§ **PROBLEM REQUIREMENTS**
Each line in the data must be reproduced as written, except for any picture.

§ **SUPPLIED DATA**
--- START ---
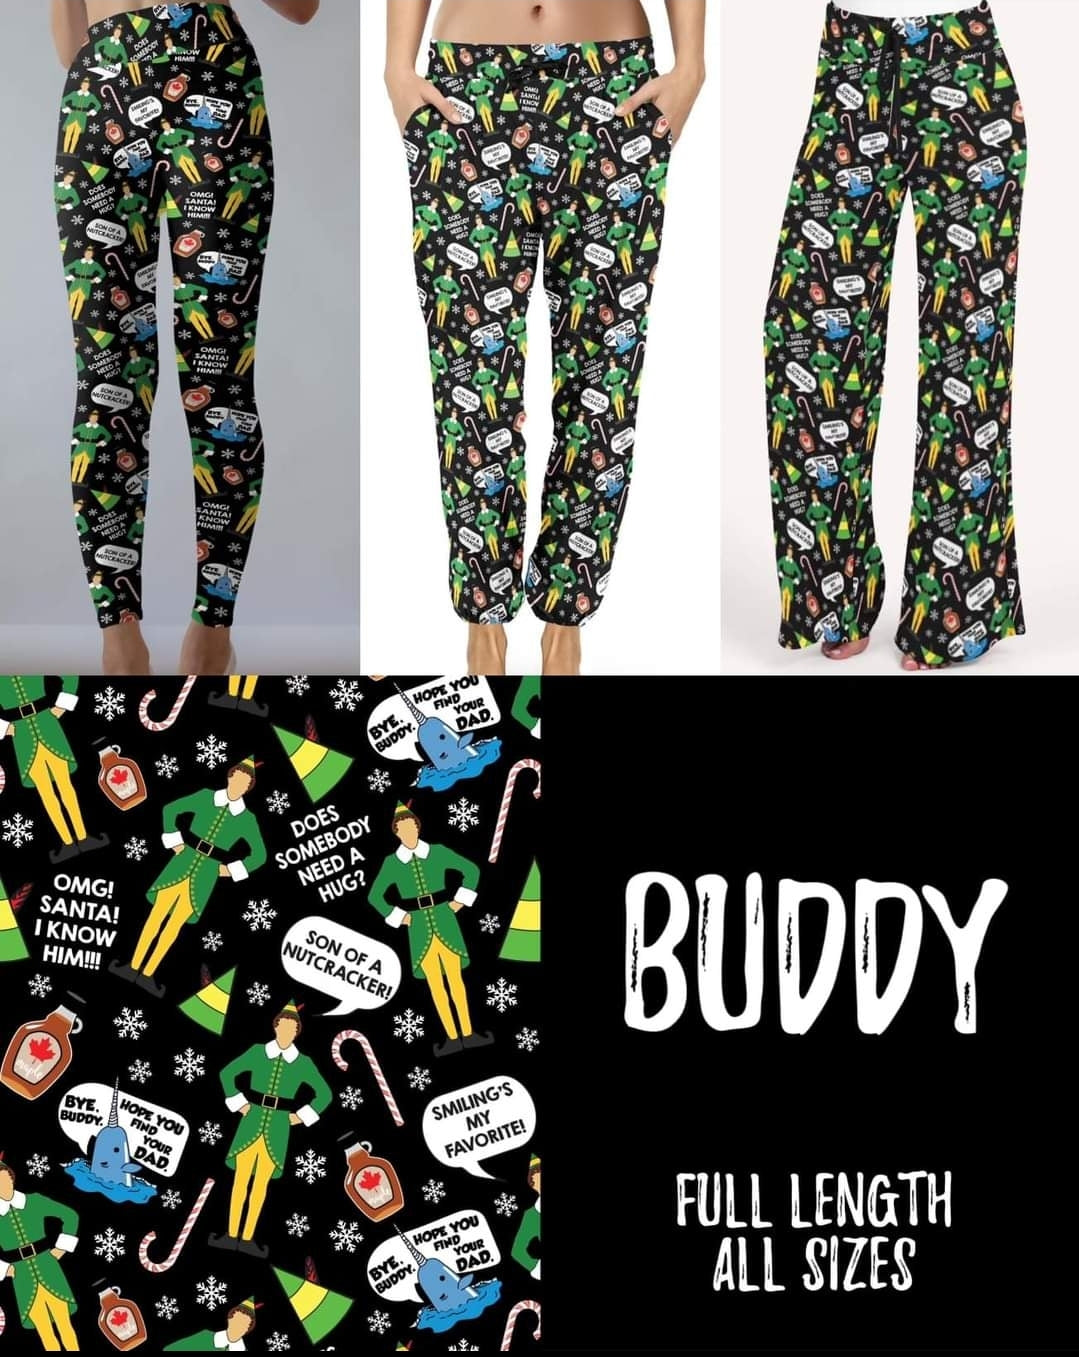 BUDDY leggings, joggers and lounge pants
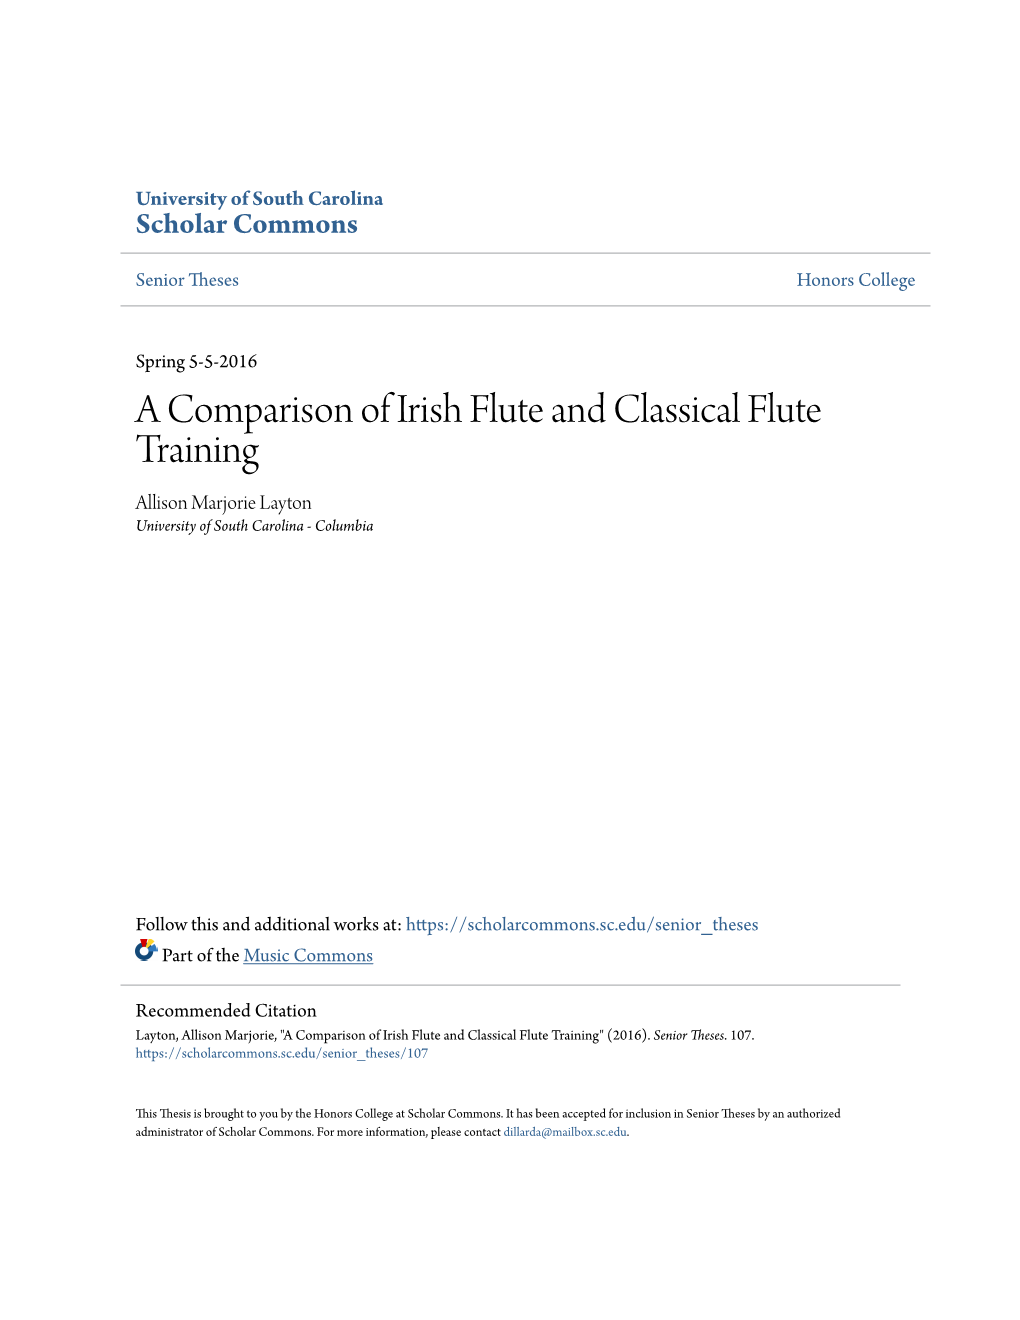 A Comparison of Irish Flute and Classical Flute Training Allison Marjorie Layton University of South Carolina - Columbia
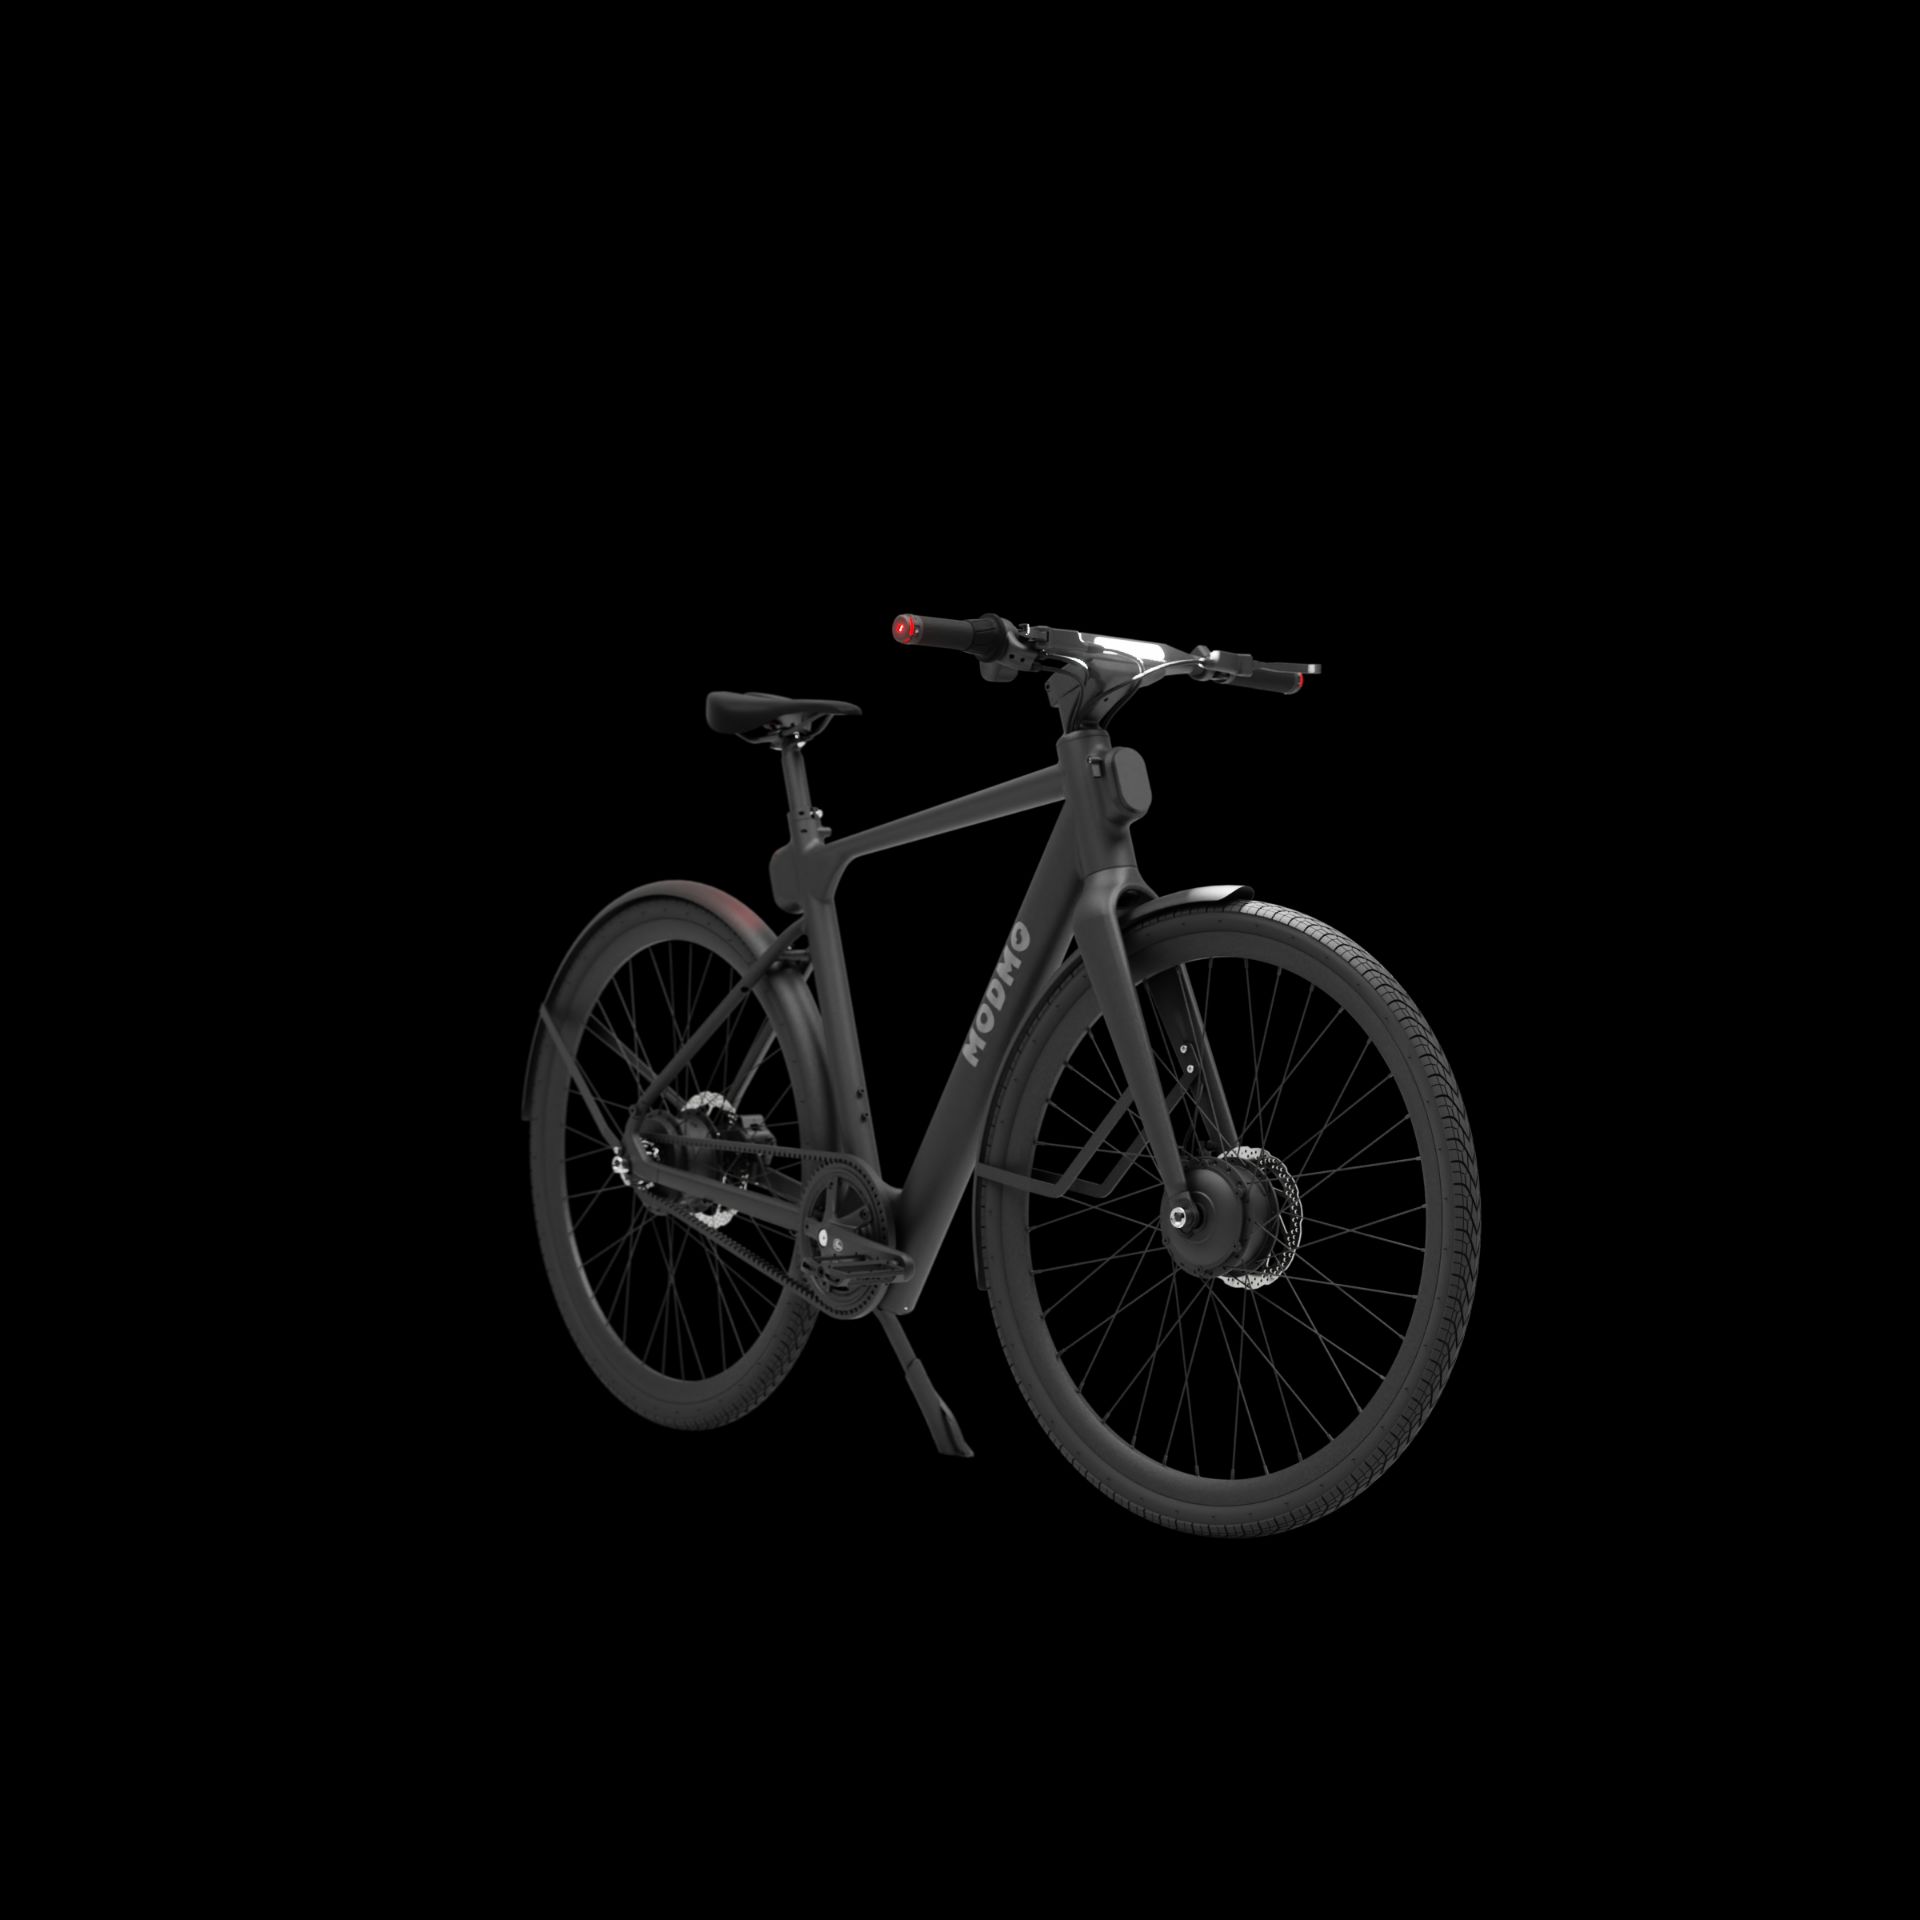 Modmo Saigon+ Electric Bicycle - RRP £2800 - Size L (Rider 175-190cm) - Image 4 of 19
--- END ---
§ **ANSWER TO THIS TASK**
 BUDDY leggings, joggers and lounge pants
 A Comparison of Irish Flute and Classical Flute Training Allison Marjorie Layton University of South Carolina - Columbia
 Modmo Saigon+ Electric Bicycle - RRP £2800 - Size L (Rider 175-190cm) - Image 4 of 19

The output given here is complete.